Saved data entries
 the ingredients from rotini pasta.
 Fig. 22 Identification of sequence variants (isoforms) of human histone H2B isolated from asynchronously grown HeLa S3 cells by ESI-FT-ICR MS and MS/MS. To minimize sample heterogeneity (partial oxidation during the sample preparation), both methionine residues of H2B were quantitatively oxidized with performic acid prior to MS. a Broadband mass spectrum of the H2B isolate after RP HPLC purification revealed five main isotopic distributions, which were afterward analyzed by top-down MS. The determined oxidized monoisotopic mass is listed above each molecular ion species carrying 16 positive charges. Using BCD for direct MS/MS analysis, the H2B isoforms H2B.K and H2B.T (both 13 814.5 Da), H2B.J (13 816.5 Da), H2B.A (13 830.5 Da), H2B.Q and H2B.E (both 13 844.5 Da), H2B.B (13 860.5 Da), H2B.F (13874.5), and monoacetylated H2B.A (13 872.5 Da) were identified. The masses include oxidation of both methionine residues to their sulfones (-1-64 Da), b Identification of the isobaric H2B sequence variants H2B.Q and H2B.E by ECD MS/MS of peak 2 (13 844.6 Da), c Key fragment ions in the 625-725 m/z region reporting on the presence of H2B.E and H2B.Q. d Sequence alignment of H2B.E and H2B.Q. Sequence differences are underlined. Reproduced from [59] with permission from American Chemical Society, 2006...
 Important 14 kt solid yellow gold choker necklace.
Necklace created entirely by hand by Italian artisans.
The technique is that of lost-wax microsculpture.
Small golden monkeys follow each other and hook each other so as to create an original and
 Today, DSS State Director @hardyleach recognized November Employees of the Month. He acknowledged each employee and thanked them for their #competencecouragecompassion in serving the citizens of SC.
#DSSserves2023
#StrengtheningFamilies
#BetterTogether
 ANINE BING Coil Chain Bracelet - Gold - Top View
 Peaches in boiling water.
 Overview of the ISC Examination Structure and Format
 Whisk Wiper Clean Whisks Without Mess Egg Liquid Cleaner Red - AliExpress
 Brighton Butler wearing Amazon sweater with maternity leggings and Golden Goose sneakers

DIRECTIONS — All that is wanted is a faithful reproduction of the line above with "Necklace created entirely", the line with "Overview of the", and every line in between.

RESPONSE AREA —
Necklace created entirely by hand by Italian artisans.
The technique is that of lost-wax microsculpture.
Small golden monkeys follow each other and hook each other so as to create an original and
 Today, DSS State Director @hardyleach recognized November Employees of the Month. He acknowledged each employee and thanked them for their #competencecouragecompassion in serving the citizens of SC.
#DSSserves2023
#StrengtheningFamilies
#BetterTogether
 ANINE BING Coil Chain Bracelet - Gold - Top View
 Peaches in boiling water.
 Overview of the ISC Examination Structure and Format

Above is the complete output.